Every line in the records below between the one holding "Altec Lansing Wired Keyboard ALBK6220 Black" and the one holding "Camiseta fluida sin", inclusive, is to be set down exactly; all other lines are to be left out.

■ Data records ■
===============

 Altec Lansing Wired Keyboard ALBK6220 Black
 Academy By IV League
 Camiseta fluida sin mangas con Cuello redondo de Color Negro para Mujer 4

===============

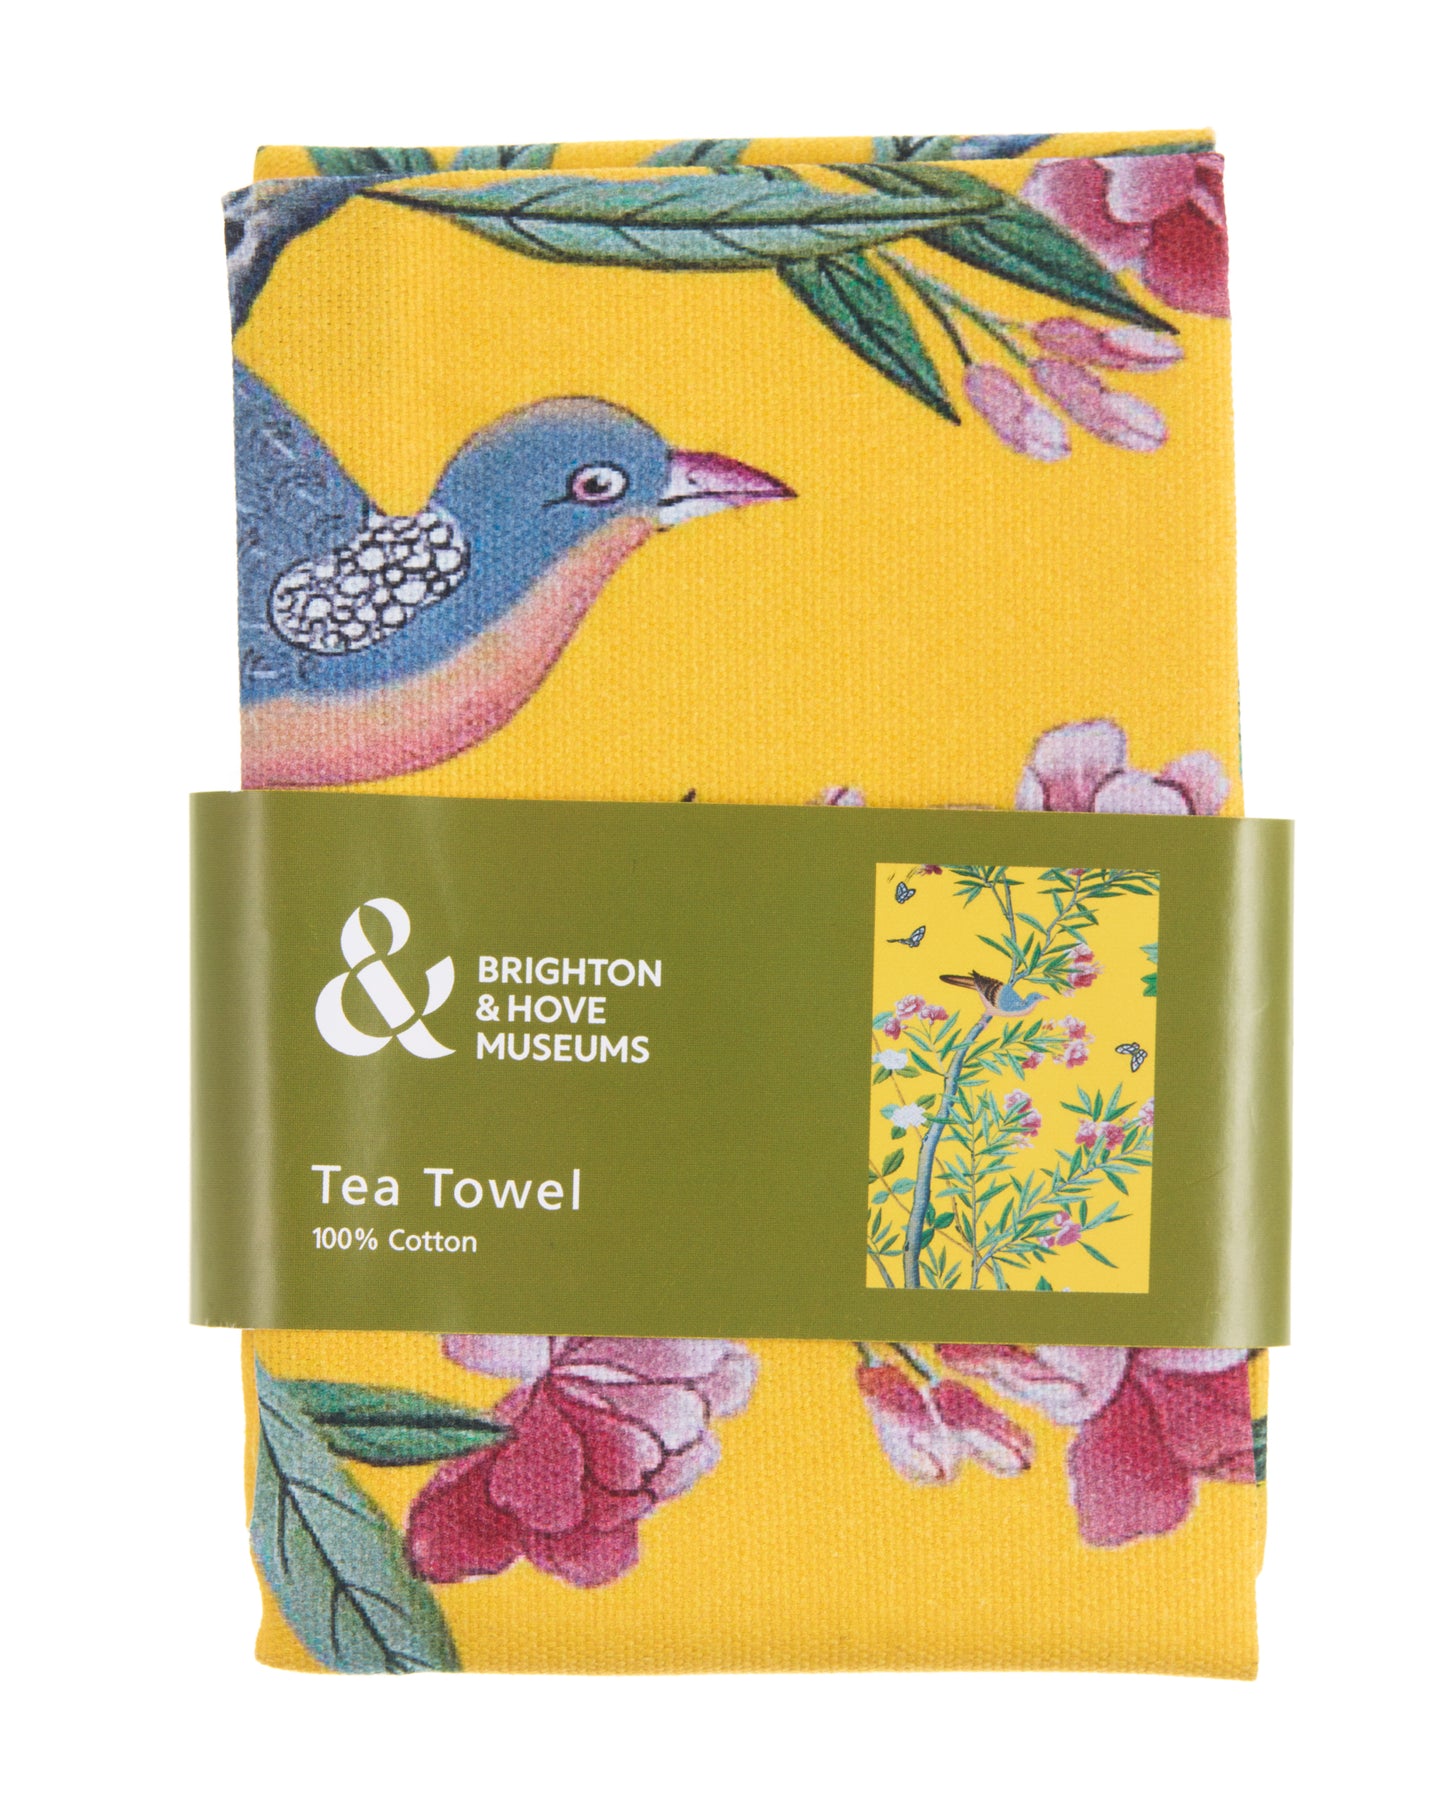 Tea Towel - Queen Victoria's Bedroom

===============

■ Solution for this exercise ■
 Altec Lansing Wired Keyboard ALBK6220 Black
 Academy By IV League
 Camiseta fluida sin mangas con Cuello redondo de Color Negro para Mujer 4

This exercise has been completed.